The Edward L. Doheny Jr. Memorial Library, University of Southern California (USC) campus, Los Angeles, California.
With the Youth Triumphant fountain by Frederick William Schweigardt in left foreground.
The Edward L. Doheny Jr. Memorial Library, University of Southern California (USC) campus, Los Angeles, California. With the Youth Triumphant fountain by Frederick William Schweigardt in left foreground.

University of Southern California

educationculturehistory
3 min read

When Robert M. Widney persuaded enough investors and clergy to found a university in the dusty village of Los Angeles in 1880, the city had no reliable water supply, no transcontinental railroad connection, and a population that would fit comfortably in a modest modern football stadium. The University of Southern California's first graduating class in 1884 had three students. Today the university enrolls more than 47,000 students, has produced 326 Olympic medals, and runs the most influential film school in the world. The distance between those two endpoints is American ambition expressed in institutional form.

Founded Before the Boom

USC predates the railroad connection that would transform Los Angeles from a small town into a major city. When the Southern Pacific reached Los Angeles in 1876 and the Santa Fe in 1885, the city's population exploded — but USC was already there, already teaching, already committed to becoming something significant in a place that had not yet decided what it was going to be.

The founding in 1880 makes USC the oldest private research university in California, a distinction it holds over institutions that would later outrank it in various measures. The campus that was established in what is now called University Park, south of downtown, has expanded dramatically from its original footprint while maintaining its position as one of the anchors of the neighborhood — a relationship between an institution and its surroundings that has been complicated and contested at various points across 140 years.

The School That Made Hollywood

The USC School of Cinematic Arts is the oldest and, by most measures, the most influential film school in the world. Its alumni include George Lucas, Ron Howard, Robert Zemeckis, and John Carpenter — directors who between them shaped the blockbuster era of American cinema. The school has been a pipeline between education and industry in a way that reflects its geographic proximity to the studios and its deep institutional relationships with them.

In 2006, George Lucas donated $175 million to the School of Cinematic Arts, the largest gift in the school's history. The donation funded a new campus for the school and reflected Lucas's conviction that film education requires resources commensurate with the industry it serves. The resulting facilities — designed to house both traditional filmmaking education and the digital production tools that have transformed the industry — set a standard that other film programs have aspired to match.

Science, Medicine, and a Nobel Prize

USC's academic profile extends well beyond its famous alumni in the entertainment industry. The university's medical school and hospital complex — Keck Medicine of USC — anchors a health sciences enterprise that serves one of the most medically complex urban populations in the country. Its research programs span the physical and biological sciences, engineering, social science, and the humanities.

George Olah, a professor in USC's chemistry department, was awarded the Nobel Prize in Chemistry in 1994 for his work on carbocations — a fundamental contribution to organic chemistry with applications in fuel processing and pharmaceutical synthesis. Olah's career at USC exemplified the research university's core function: pursuing knowledge whose applications cannot always be predicted, conducted by people given the institutional support to follow their questions wherever they lead.

Athletics and the Olympic Record

USC's athletic program has accumulated 107 NCAA team championships — more than any other program in the country by some measures — and its Olympic record is extraordinary. More than 512 USC Olympians have combined for 326 medals across the modern games, a number that reflects both the university's scale and its geographic situation in Southern California, where weather and facilities support year-round training in virtually every Olympic sport.
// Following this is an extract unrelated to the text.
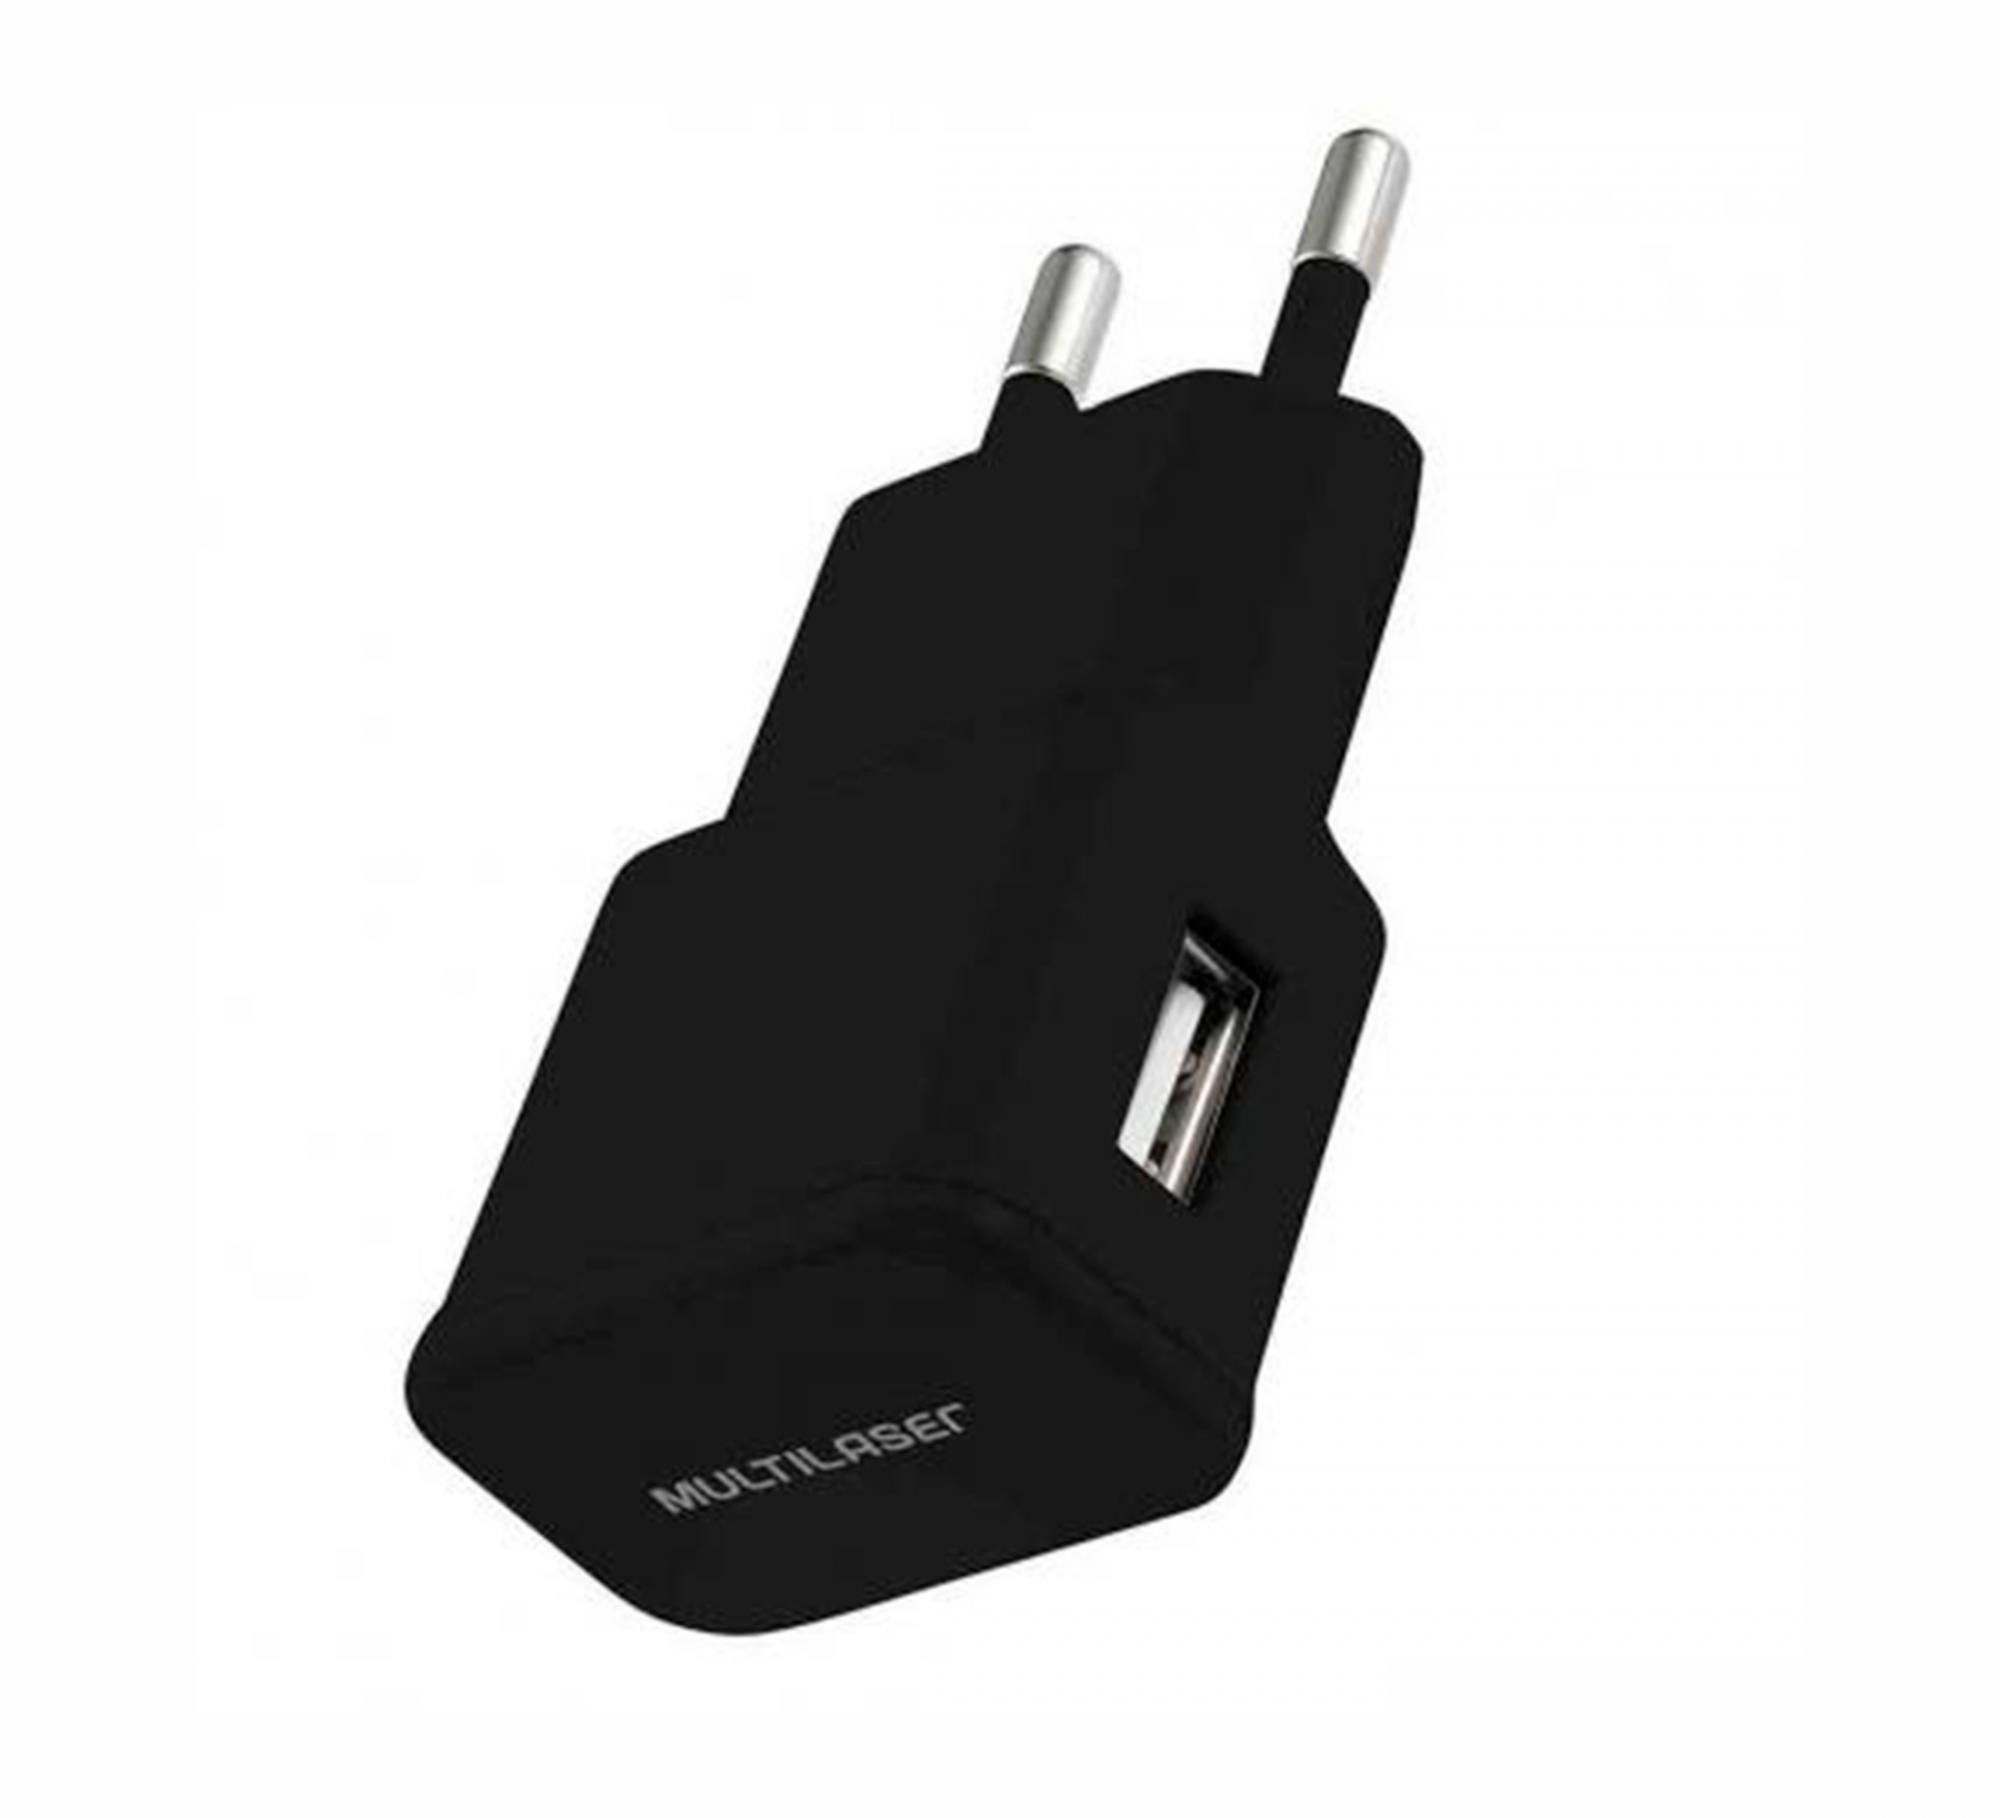 CARREGADOR USB P/ CELULAR 2A PRETO - CB104

The Trojans have won national championships in football, baseball, swimming, tennis, water polo, beach volleyball, and track and field, among others. The football program's legacy is particularly deep — sixteen national championships, seven Heisman Trophy winners — though it has occupied a more complicated space in recent decades as the program has navigated the same pressures that confront college athletics broadly. The athletic success and the academic research enterprise exist in the same institution, connected by the Trojan identity that the university markets to alumni and the city alike.

From the Air

The USC University Park campus sits at approximately 34.022 N, 118.285 W, just south of downtown Los Angeles. The campus is visible from the air as a dense cluster of red-brick buildings in an urban neighborhood. The Los Angeles Memorial Coliseum, where USC plays home football games and where the 1932 and 1984 Olympic Games were held, sits immediately adjacent to the campus. Los Angeles International Airport (KLAX) lies approximately 12 miles to the southwest.